In recent years, the field of microrobotics has garnered significant attention, particularly for its potential applications in biomedical engineering, such as targeted drug delivery, minimally invasive surgery, and precise medical diagnostics. Traditional microrobot fabrication techniques predominantly rely on top-down methods, such as 3D printing and lithography. While effective, these methods often involve complex, time-consuming processes and face limitations in achieving high precision at the microscale.

Project details

Our approach diverges from these conventional methods by employing a bottom-up fabrication technique, leveraging the principles of self-assembly and droplet manipulation. Specifically, we focus on the innovative use of ferrofluid droplets and magnetic fields to sculpt microrobots with customized shapes. This method allows for greater flexibility and precision in designing microrobots, enabling the creation of complex geometries that would be challenging to achieve with top-down techniques.
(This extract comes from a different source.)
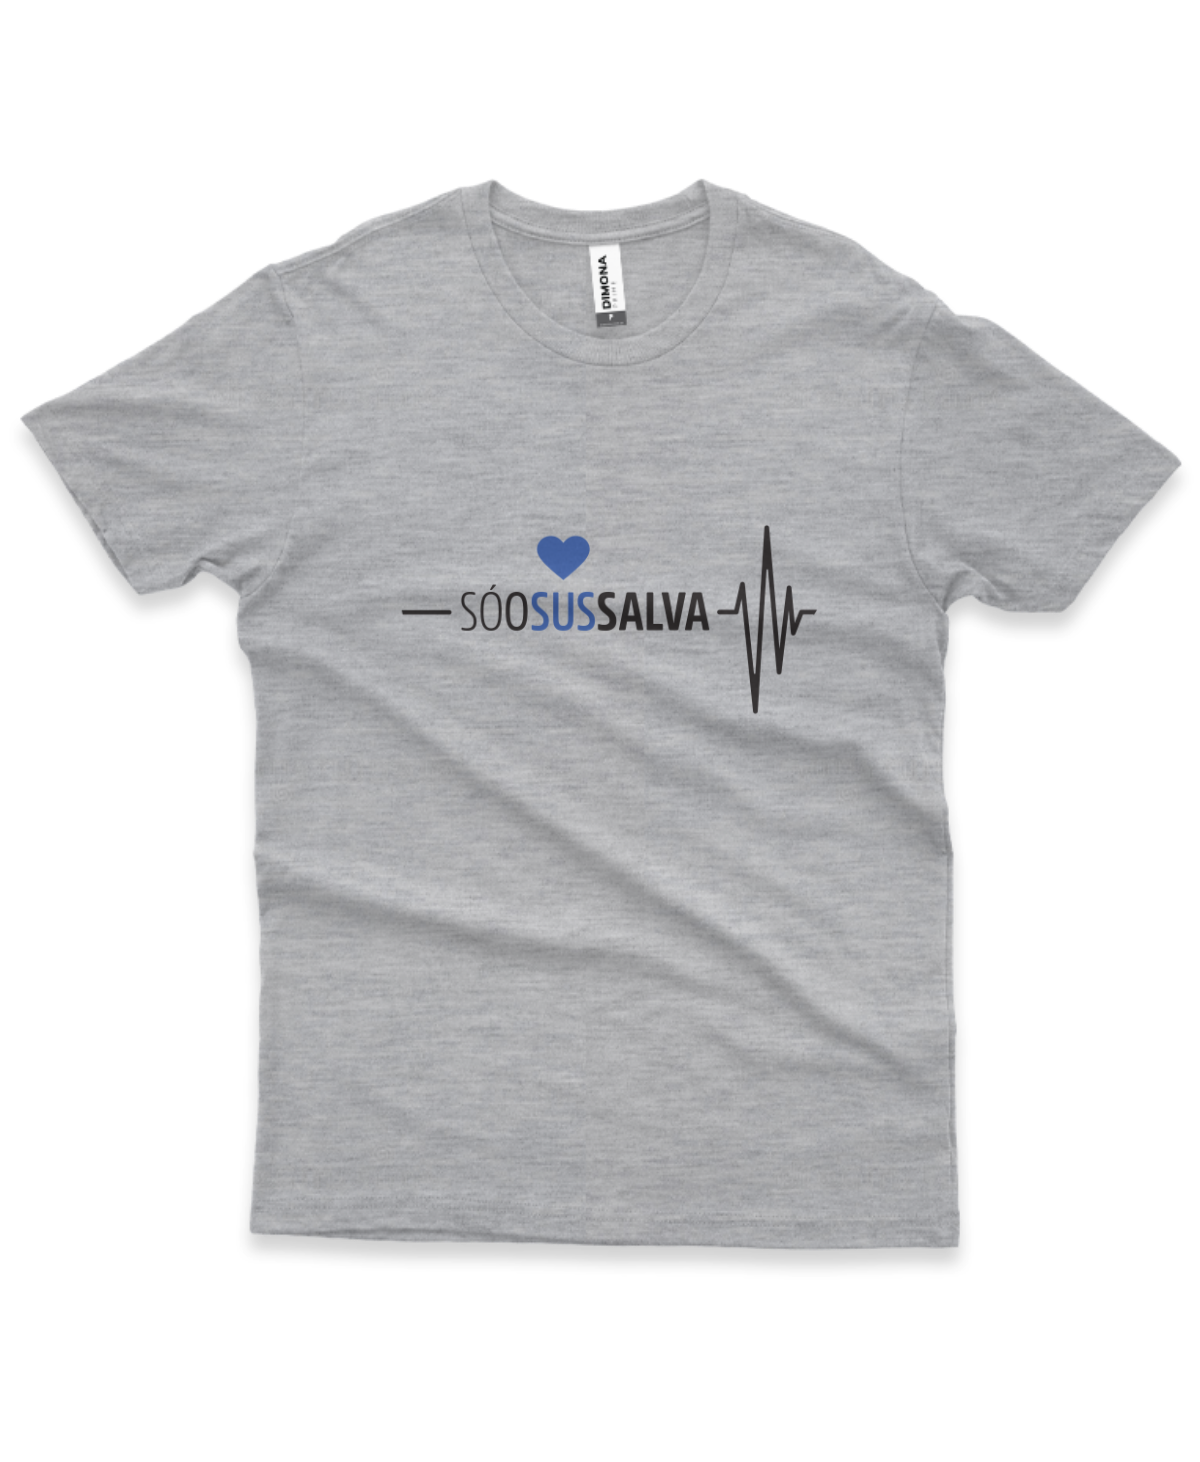 camiseta masculina cor cinza mescla com a ilustração de um coração e eletrocardiograma e a frase "Só o SUS salva"

The following experience or skills would be ideal but not necessary:

  • Know-how in nanoparticles synthesis & self-assembly.

  • Prior experience in chemistry lab.

  • Prior experience or knowledge in magnetic control systems.

References

M. Hu et al. "Shaping the assembly of superparamagnetic nanoparticles." ACS Nano 13.3 (2019): 3015-3022.

B. J. Nelson & S. Pané “Delivering drugs with microrobots.” Science 382.6675 (2023): 1120-1122.

Goal

  • Build up a droplet printing fabrication platform towards microrobots fabrications. (~ 1 month)

  • Optimize the fabrication process to produce microrobots with tailored structures. (~ 3 months)

  • Investigate how different microrobot shapes influence their movement under physiological conditions. (~ 2 months)

Contact Details

Please contact minghu@ethz.ch (Dr. Minghan Hu, SNSF Ambizione group leader).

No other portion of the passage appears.